Wo ich einige Fragen hätte: wieso können in Deutschland des Jahres 1929, im Jahr der
Weltwirtschaftskrise und des erstarkenden Faschismus zwei lesbische Frauen offen
miteinander leben und in der gleichen Behörde, sprich Kriminalamt arbeiten? Absolut
unerhört für die Zeit. Aber vielleicht waren die Menschen noch toleranter als vier Jahre
später?
Die drei Familien, die wir hier kennenlernen dürfen, scheinen alle dysfunktional zu sein:
Paulas Eltern können ihre Berufswahl nicht akzeptieren und wollen sie zurück “auf den Pfad
der Tugend” bringen, sprich sie soll heiraten, Kinder kriegen und als Hausfrau ihre Erfüllung
finden. Interessant, dass ausgerechnet Paulas Mutter, am Ende, als sie fast in die Luft
geflogen wäre bei dem Anschlag auf dem Friedhof, zur Besinnung kommt und Paulas Beruf
akzeptiert und gut heißt.
Martins Eltern sind noch schlimmer. Obwohl Student, meldet sein Vater ihn bei den
Rekrutierungsbüros heimlich an, Martin wird eingezogen, er muss in den Ersten Weltkrieg. Was für ein Vater macht so etwas? Riskiert das Leben seines einzigen Sohnes für was? Das deutsche Reich? Auch seine Sprüche im Buch lassen klar erkennen: Herr Bruder Senior ist ein Anhänger der NSDAP reinsten Wassers. Seine Mutter flüchtet sich in Liebesromane wie sie in der “Gartenlaube” gängig sind, baut sich ihre Welt genau nach diesen Romanen aus. So hat sie eine “Gesellschaftsdame”, von der sie träumt, sie und ihr Sohn sollen ein Paar werden, heiraten und glücklich bis ans Lebensende leben, wie in Märchen oder Trivialliteratur. Dass diese Dame ihrem Sohn ein Kind vorgetäuscht hat, 11 Jahre lang, spielt wohl keine große Rolle. Wer sein Leben nach Groschenromanen ausrichtet, geht über solche Betrügereien großherzig hinweg. Wie soll Martin mit diesen Eltern auskommen? Die Mutter ist in ihrer Verblendung wohl noch harmlos, die Verblendung des Vaters wird sich zukünftig böse auswirken.

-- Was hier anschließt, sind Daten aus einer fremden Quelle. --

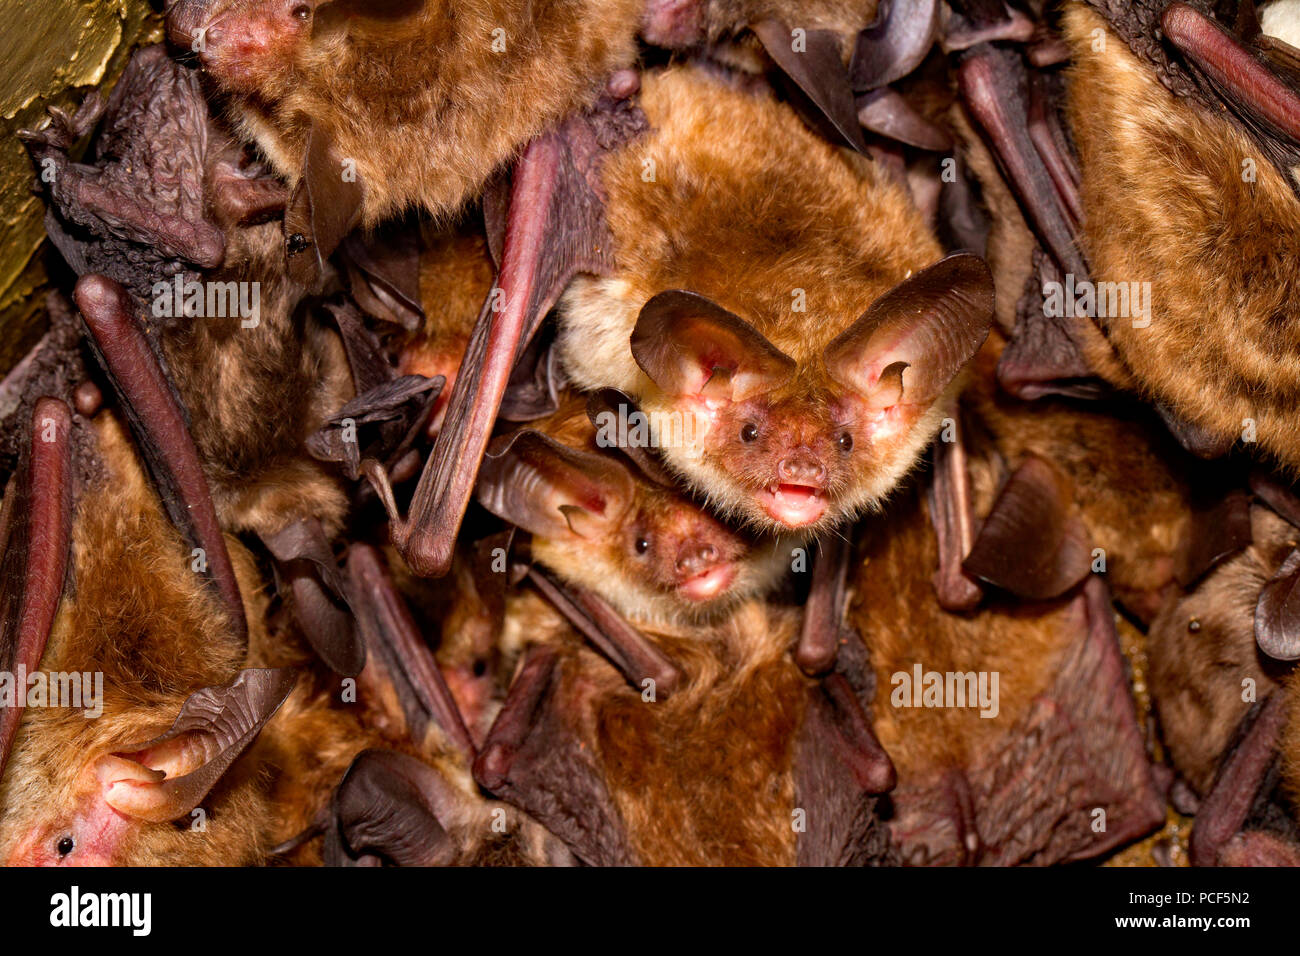 Les chauves-souris, du bechstein (Myotis bechsteinii) Banque D'Images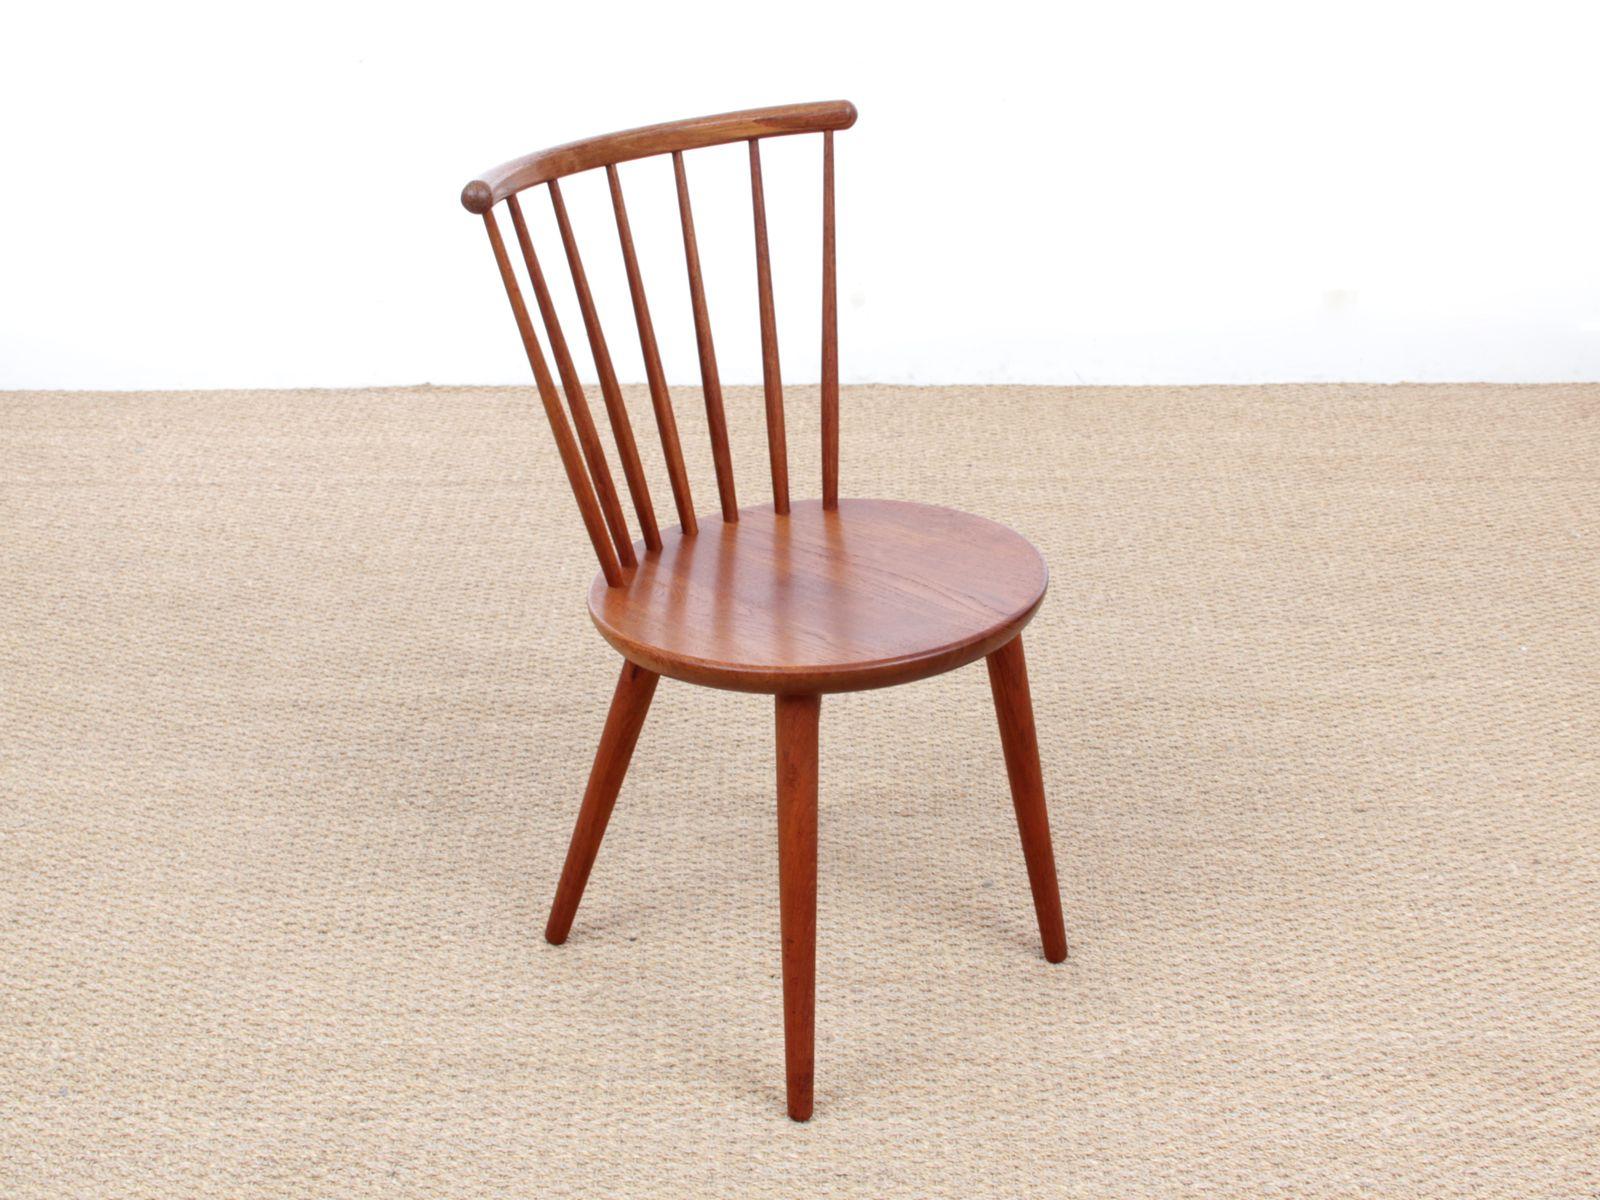 skandinavische vintage st hle aus teak 2er set bei pamono kaufen. Black Bedroom Furniture Sets. Home Design Ideas

Dritte Familie, die auch zu diesem Kreis der dysfunktionalen Typen gehört, sind Signes Zieheltern. Signes Ziehmutter lässt kein gutes Haar an ihrer Ziehtochter. Mannstoll sei sie als Kind gewesen, wäre allen Männern nachgelaufen, sie hätte ihr Neugeborenes im Stich gelassen und wäre weggelaufen. und sie, Signes Zieheltern hätten nun auch ihren Sohn großgezogen, da der eigene Sohn in Amerika sei.
Der Kreis schließt sich auf unerwartete Weise. Der Roman beginnt mit einer offiziellen
Hinrichtung. Von Amts wegen müssen zwei der Polizisten, die in diesem Fall ermittelt haben,
anwesend sein. Paula Haydorn und Martin Bruder sind offiziell die Zeugen der Hinrichtung.
Und der Roman schließt mit den Folgen dieser Hinrichtung.
Eigentlich haben wir es hier mit zwei Kriminalfällen zu tun: einmal die Folgen der Hinrichtung
von Mette und zweitens die Entführung von Signes kleiner Tochter. Hinzu kommt noch die
sich vielleicht und eventuell anbahnende Liebesgeschichte zwischen Paula und Martin. Auf eine Fortsetzung dieser Romanserie können wir hoffen. Vielleicht erfahren wir dann auch wie es mit Paula und Martin weitergeht.
Christiane Marx macht einen phantastischen Job als Vorleserin in diesem Hörbuch. Die Bandbreite und Modulierbarkeit ihrer Stimme ist phänomenal. Vor allem, wenn die Autorin Signe mit anderen Personen im Buch zu Wort kommen lässt, kann man das sehr gut hören.